Having been to NYCC before, when going to SDCC this year I was most impressed by how the area of the city surrounding the San Diego Convention Center seemed to completely embrace the event. SDCC takes over the entire area, so much so that even if you don't get a badge to enter the convention center you could have a lot of fun in the surrounding area and truthfully say that you experienced SDCC. So that's San Diego Comic-Con.
NYCC on the other hand is at the Javits Center in Manhattan and the surrounding area seems like it couldn't care less about the events happening there. The Javits Center is not easily accessible by public transportation so almost everyone has to walk at least 3 (long) blocks, after public transportation, to reach the convention.
Let's be clear, 130,000 is about 1.5% of NYC's population so I don't actually expect New York to embrace NYCC like San Diego or Atlanta embrace their conventions but NYCC-goers don't know what they're missing.

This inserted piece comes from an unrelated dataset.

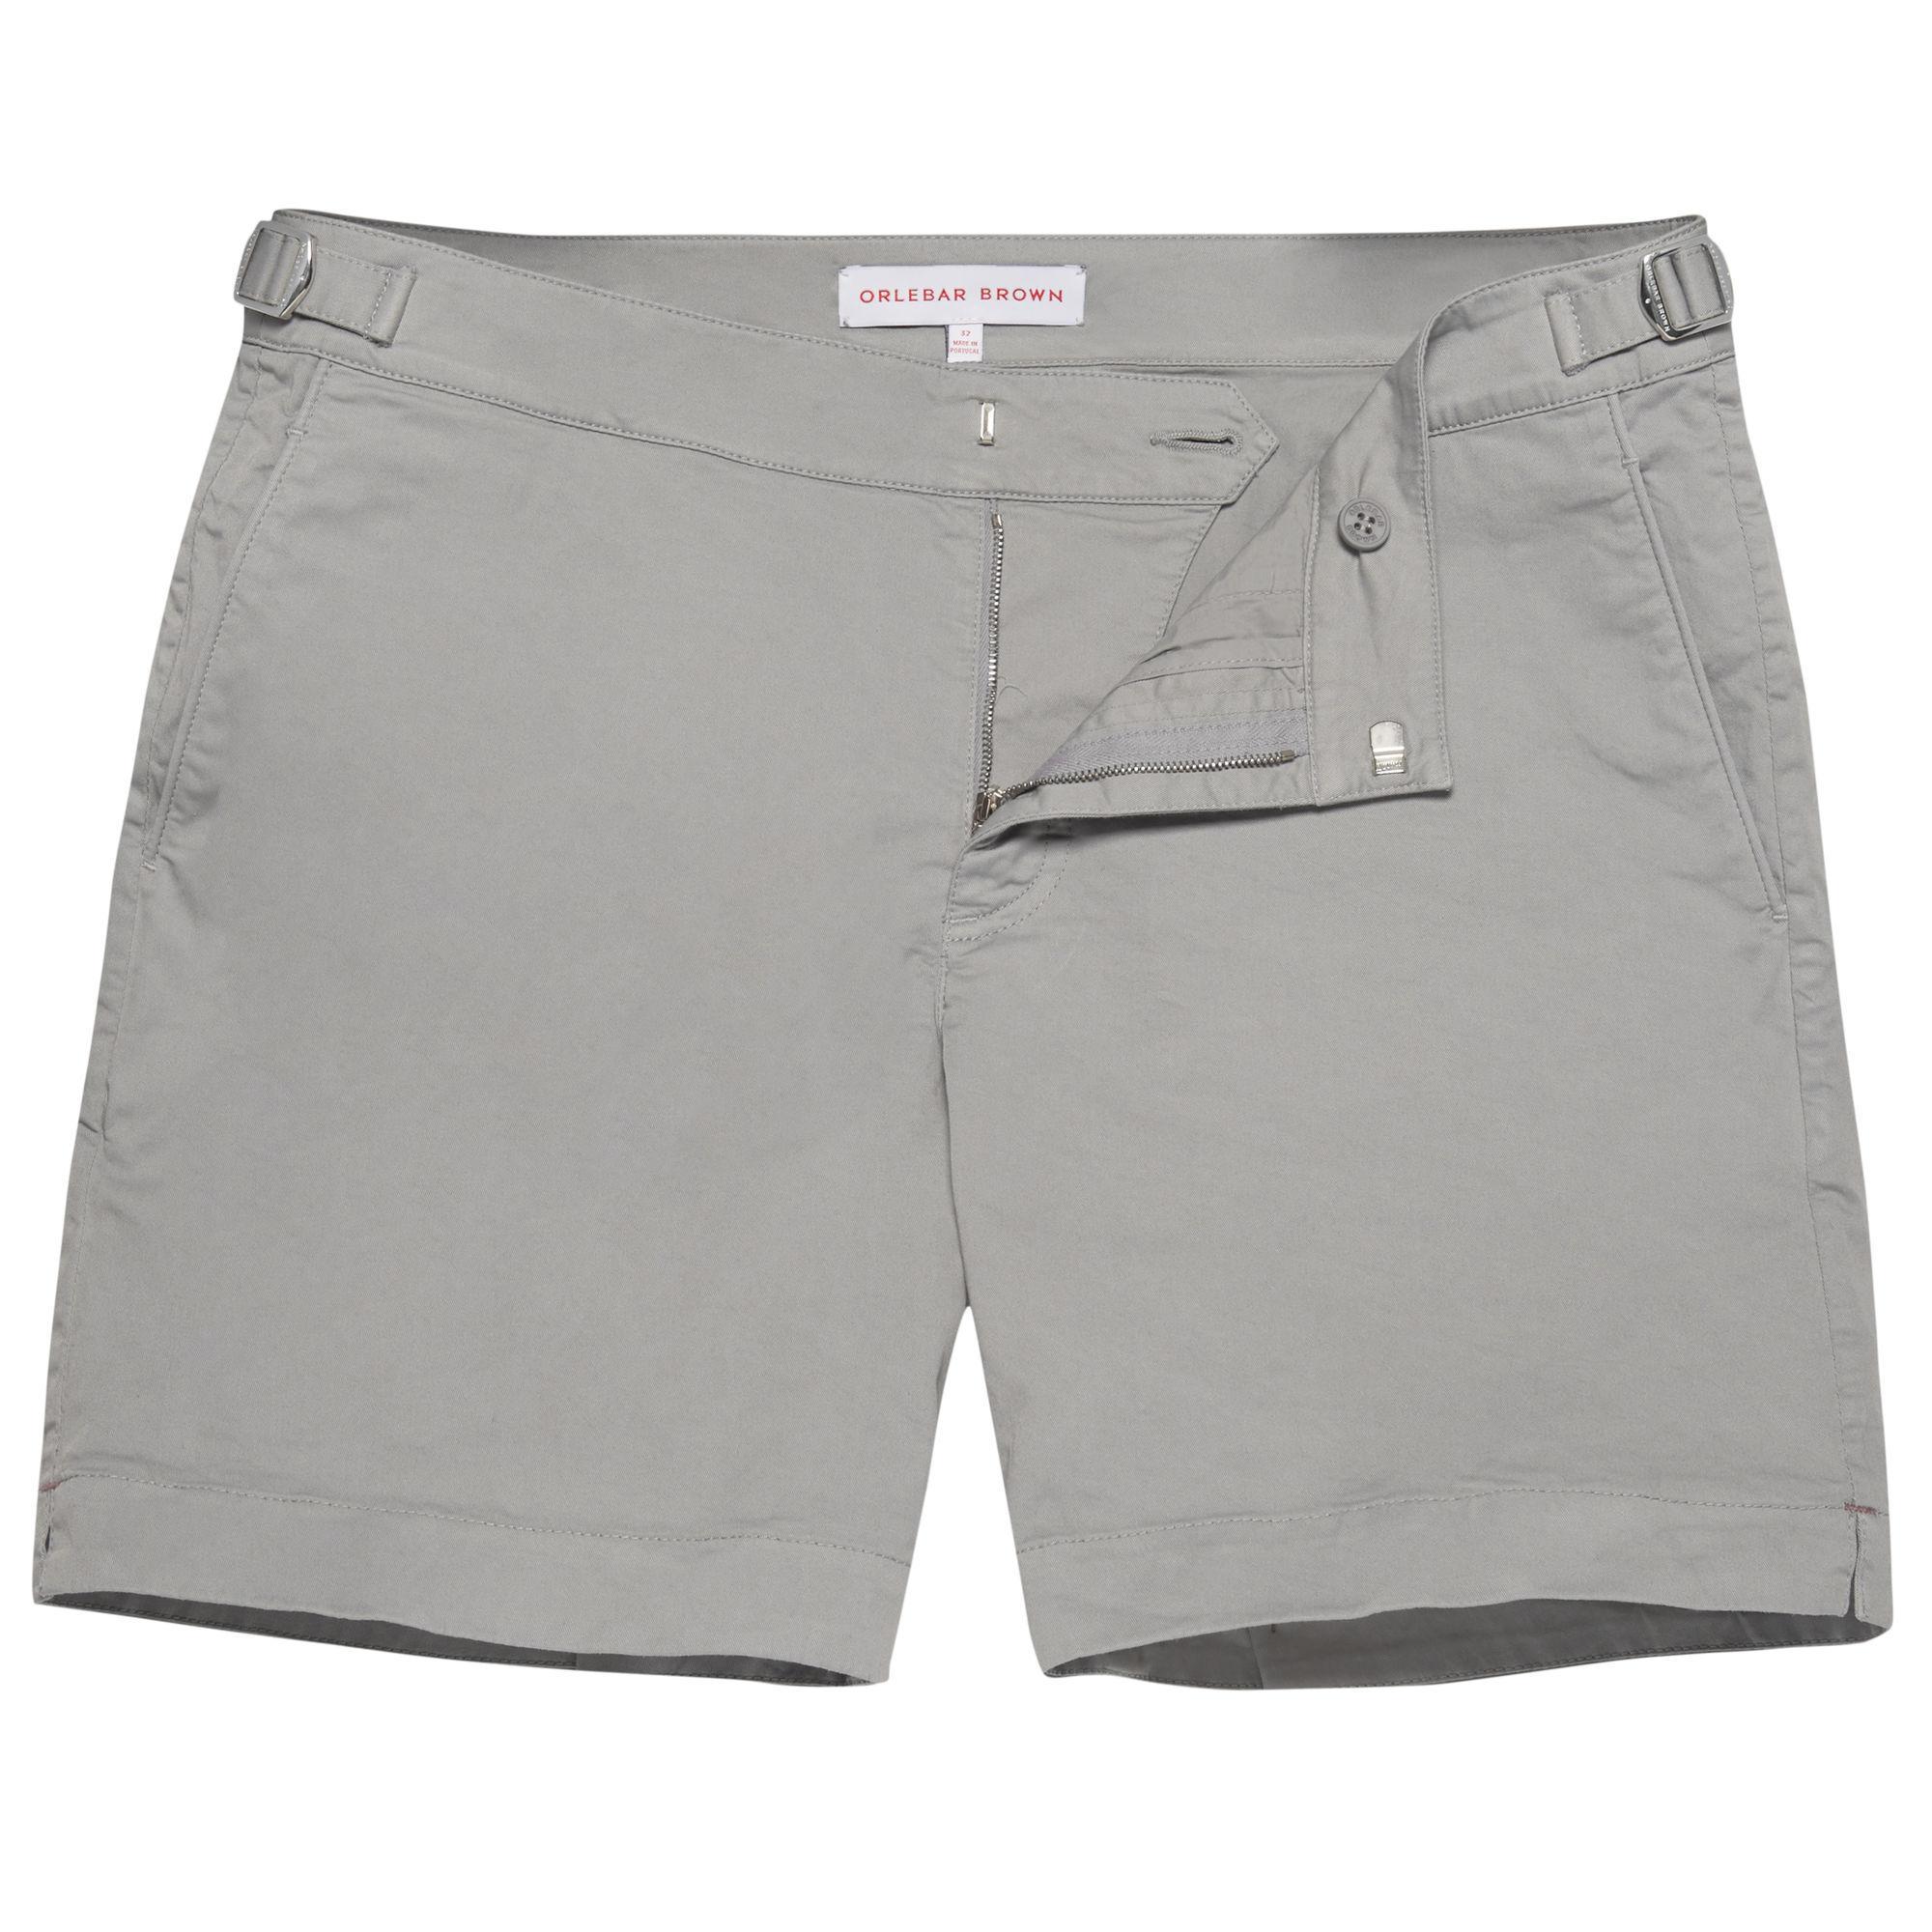 761403088bf62 Orlebar Brown - Gray Bulldog Cotton Twill Ash Mid-length Shorts for Men -  Lyst. View fullscreen

Sure, NYCC is awesome and we all get to feel comfortable and safe among our peers, but it's an even greater feeling to be able to feel comfortable and safe on the way to the con.

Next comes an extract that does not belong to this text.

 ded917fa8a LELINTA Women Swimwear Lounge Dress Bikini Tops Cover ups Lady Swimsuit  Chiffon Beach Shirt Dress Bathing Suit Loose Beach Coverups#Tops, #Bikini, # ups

Instead, I witnessed New York bullying its con-goers.
To be fair, I witnessed this on 34th, 35th, and 36th streets between avenues 7 through 11, at different times and to different degrees. Sometimes it was employees at businesses along those streets, sometimes it was other pedestrians, and on occasions I heard drivers harassing people walking to the con. I saw some amazing cosplay during my walks to and from the con each day and most of it received the type of looks that would make anyone uncomfortable and at its worst it received ridicule and harassment. Perhaps it's the price of admission for going to New York Comic Con.
What I learned from this experience is that there are some very resilient Geeks in New York. That is something to be proud of. While it made me mad and sad all at once to see this harassment going on I couldn't help but smile every time I saw someone who shook it off and kept walking. I smiled a lot on my way to the Javits Center.
Keep it up NYCC-ers. It's not an ideal situation but you do a fantastic job handling it. And your con is amazing. See you next year!